• **DATA EXTRACT**:
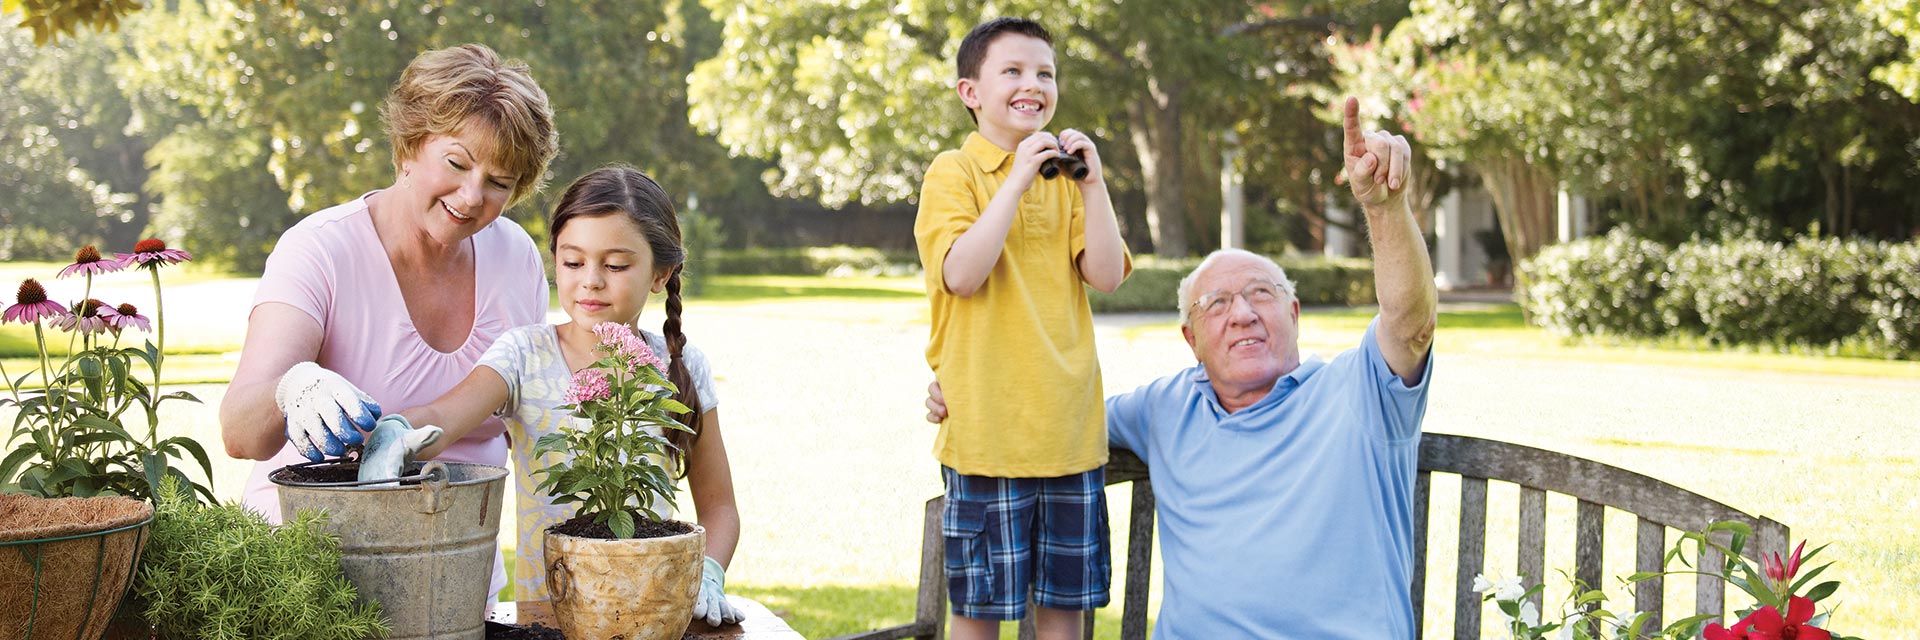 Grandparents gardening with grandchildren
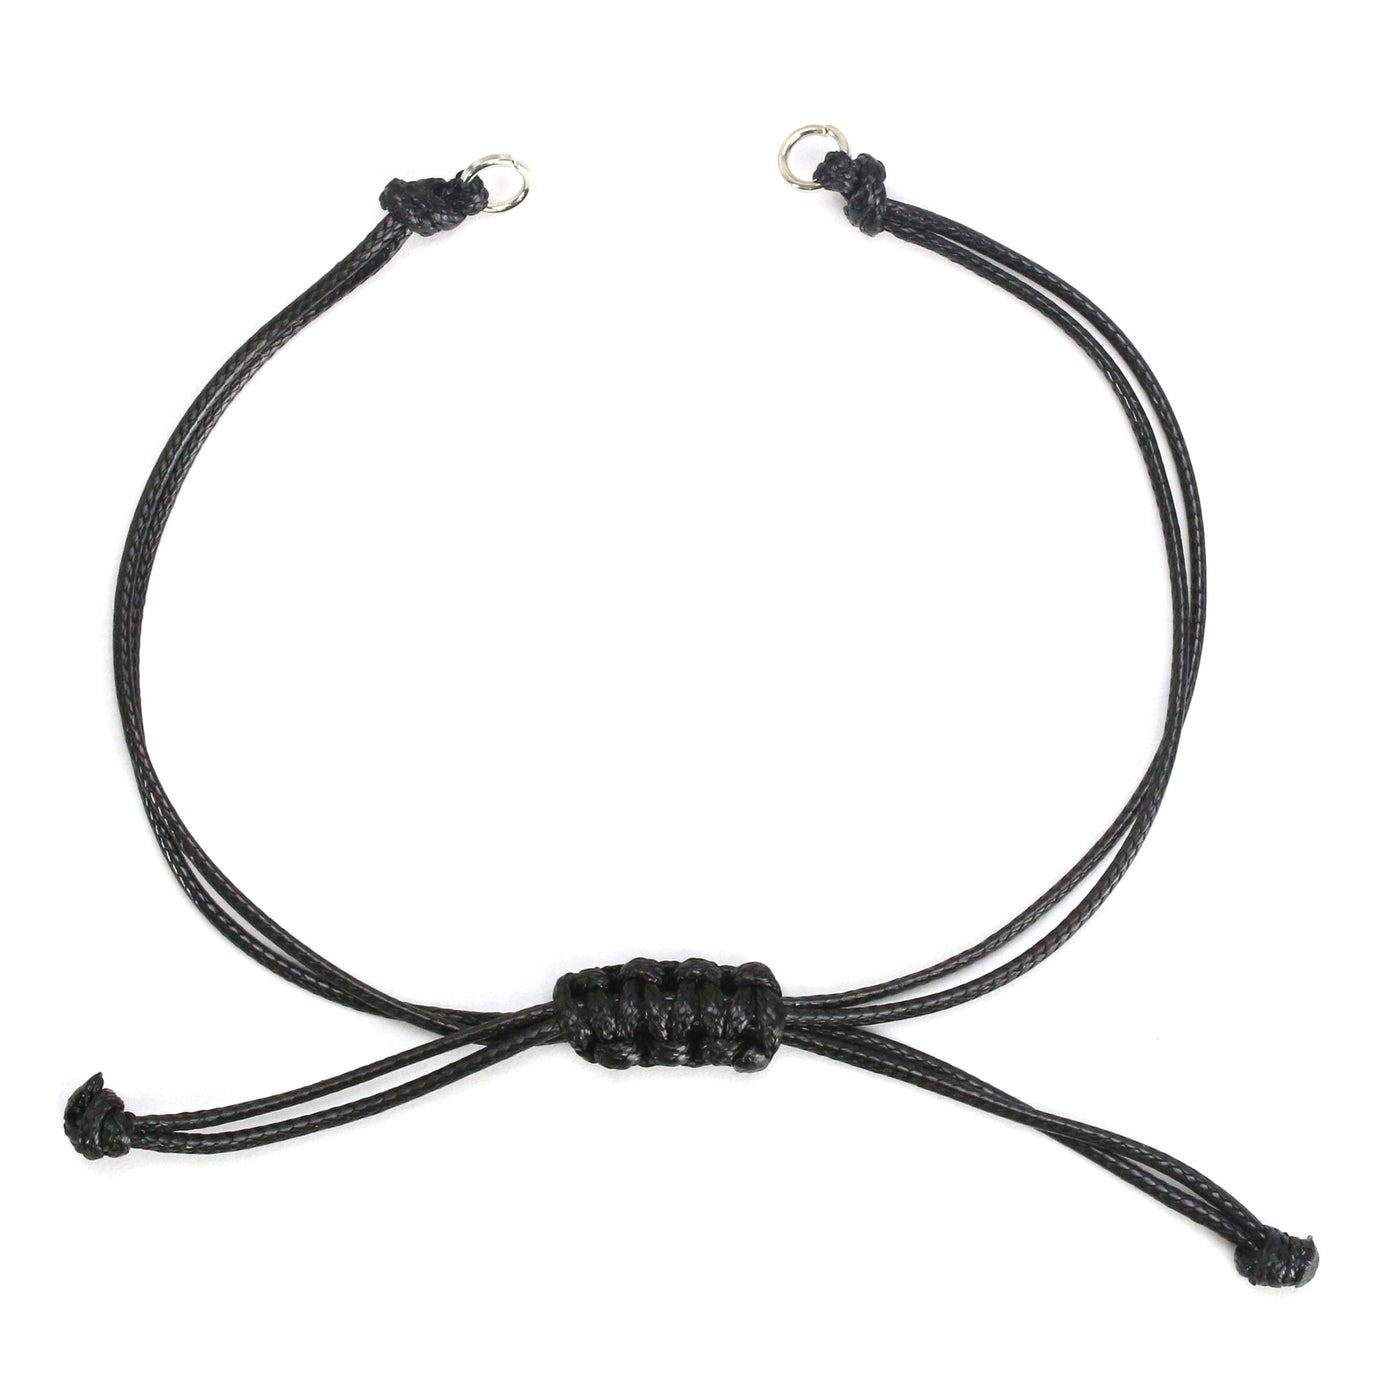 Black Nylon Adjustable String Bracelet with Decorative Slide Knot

...

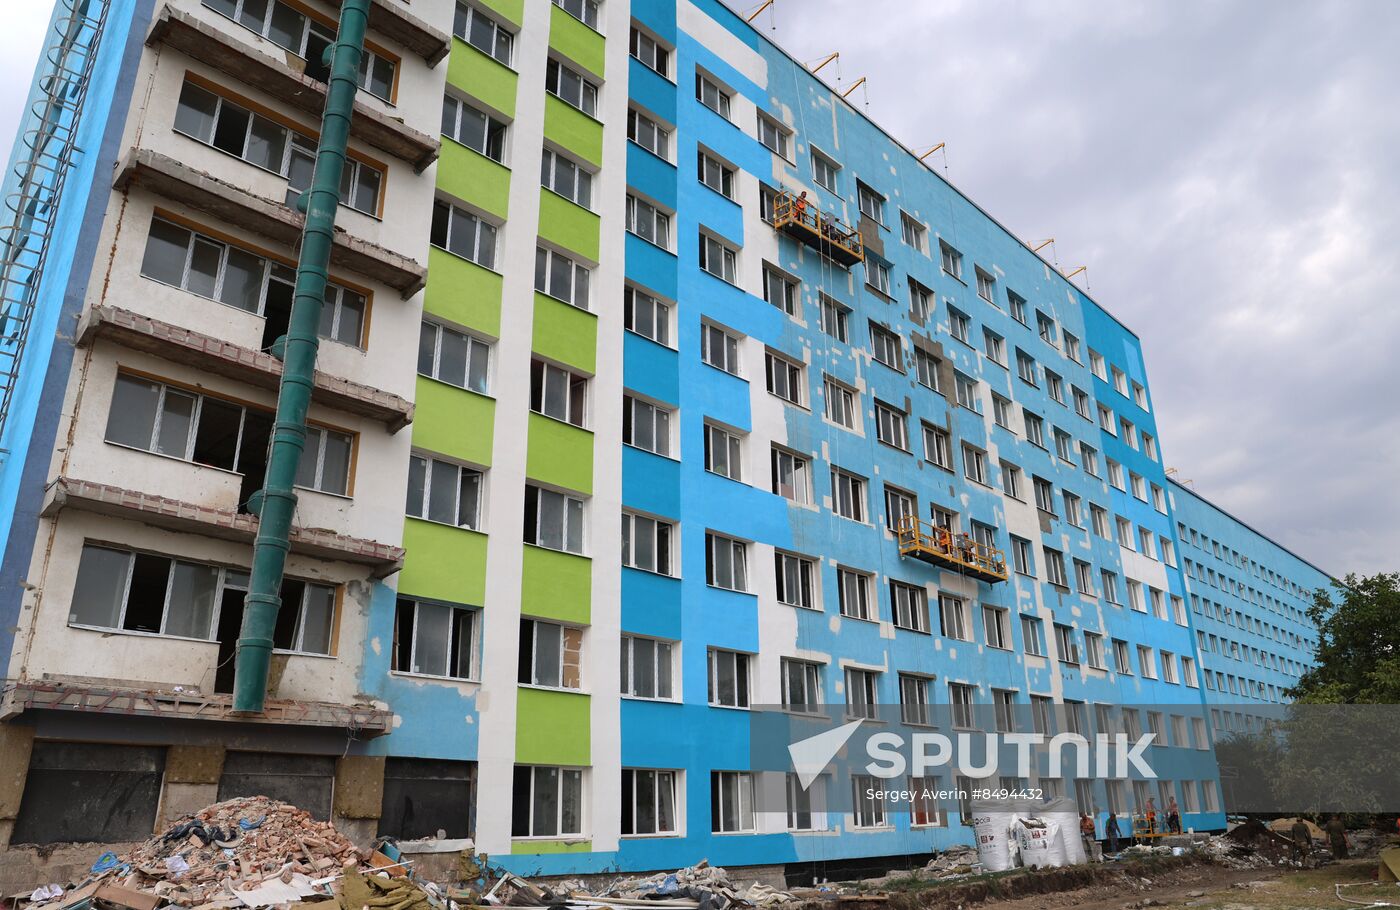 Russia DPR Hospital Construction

• **EXERCISE DETAILS**:
Reproduce the listing above only between the lines holding "Grandparents gardening with grandchildren" and "Black Nylon Adjustable", inclusive. Every line must match exactly, and pictures are dropped.

• **RESULT OF THE EXERCISE**:
 Grandparents gardening with grandchildren
 Black Nylon Adjustable String Bracelet with Decorative Slide Knot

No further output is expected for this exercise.